» Exercise instructions: Restate all the data word for word, leaving nothing out.

» Dataset extract:
Content starts

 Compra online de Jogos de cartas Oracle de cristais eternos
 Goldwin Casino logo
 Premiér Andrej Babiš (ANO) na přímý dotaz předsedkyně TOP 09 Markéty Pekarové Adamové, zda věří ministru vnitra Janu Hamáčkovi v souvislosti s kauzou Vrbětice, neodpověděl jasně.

Content ends

» Response to this task:
 Compra online de Jogos de cartas Oracle de cristais eternos
 Goldwin Casino logo
 Premiér Andrej Babiš (ANO) na přímý dotaz předsedkyně TOP 09 Markéty Pekarové Adamové, zda věří ministru vnitra Janu Hamáčkovi v souvislosti s kauzou Vrbětice, neodpověděl jasně.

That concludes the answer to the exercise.